1.3. Development Trends

Stage 1: The initial stage of face recognition technology. In the initial stage of face recognition technology to Parke, mainly on the face gray scale graph model research, at this stage has no key progress, basic in practical application is with artificial to identify, identification efficiency is very low, recognition effect is poor, it is easy to identify error, and manual operation is too large, the system has no automatic recognition ability [12, 13].Stage 2: The transition stage of face recognition technology. The excessive stage of face recognition technology has achieved many very important results, pointing out the direction for face recognition technology. After going through the initial stage, the researchers study face recognition as one of the pattern recognition problems. The geometric structure features of the human face, such as the relative position and distance of the nose, eyes and mouth, constitute the feature vectors, which are matched for face recognition.

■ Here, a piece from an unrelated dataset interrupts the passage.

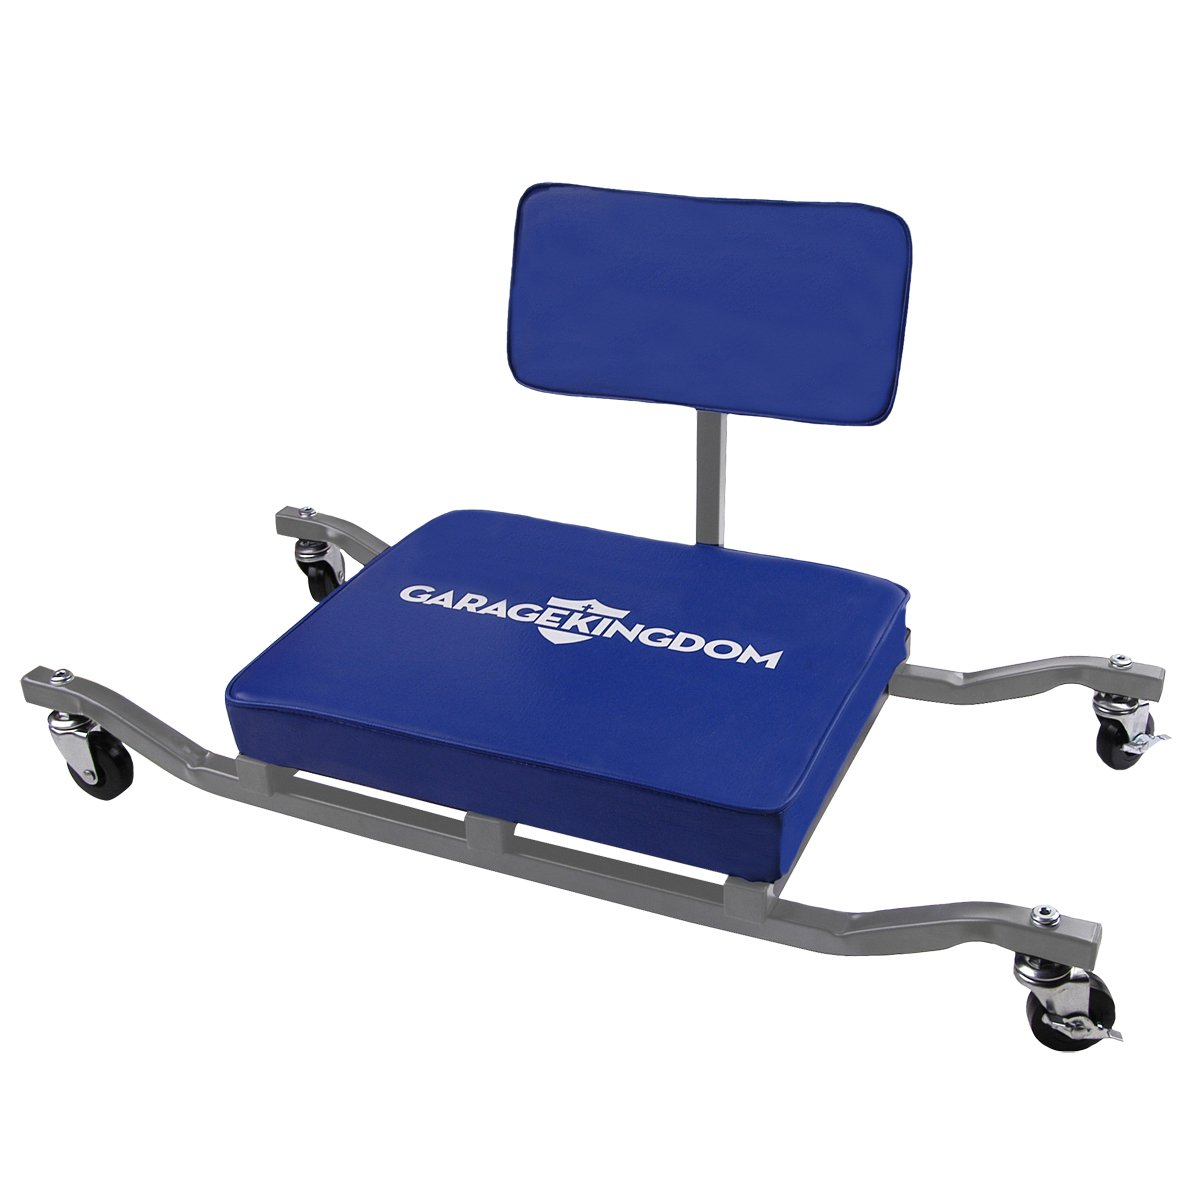 Grip Garage Kingdom Low Profile Creeper Seat

The main characters are AJ Goldstein [5], LD Harmon and AB Lesk use geometric feature parameters to represent the front image of the face; Kaya uses statistical methods to study the Euclidean distance as the face features; Kanade [6] has designed a semi-automatic backtracking recognition system. The Turk of MIT and the characteristic face method proposed by Pentland are of great significance, and they are the most representative method during this period. Face Recognition technology Test has created its own FERET face image library, using it to evaluate various algorithms and look for algorithm flaws and improvements [14].Stage 3: Face recognition technology gradually mature stage. With the improvement of computer computing power, the concept of artificial intelligence and machine learning, face recognition technology has had a new development. At this stage, automatic face recognition has been available. At this stage, the research focus has gradually shifted to face recognition under non-ideal conditions. The current face system will still be affected by expression changes, posture changes, light conditions. The main characters include face recognition based on light cone model under multi-pose and multi-illumination conditions proposed by Georghiades, face image recognition based on multi-pose and 3D deformation model under multi-illumination conditions proposed by Blanz, and face recognition method for statistical learning of support vector machine SVM.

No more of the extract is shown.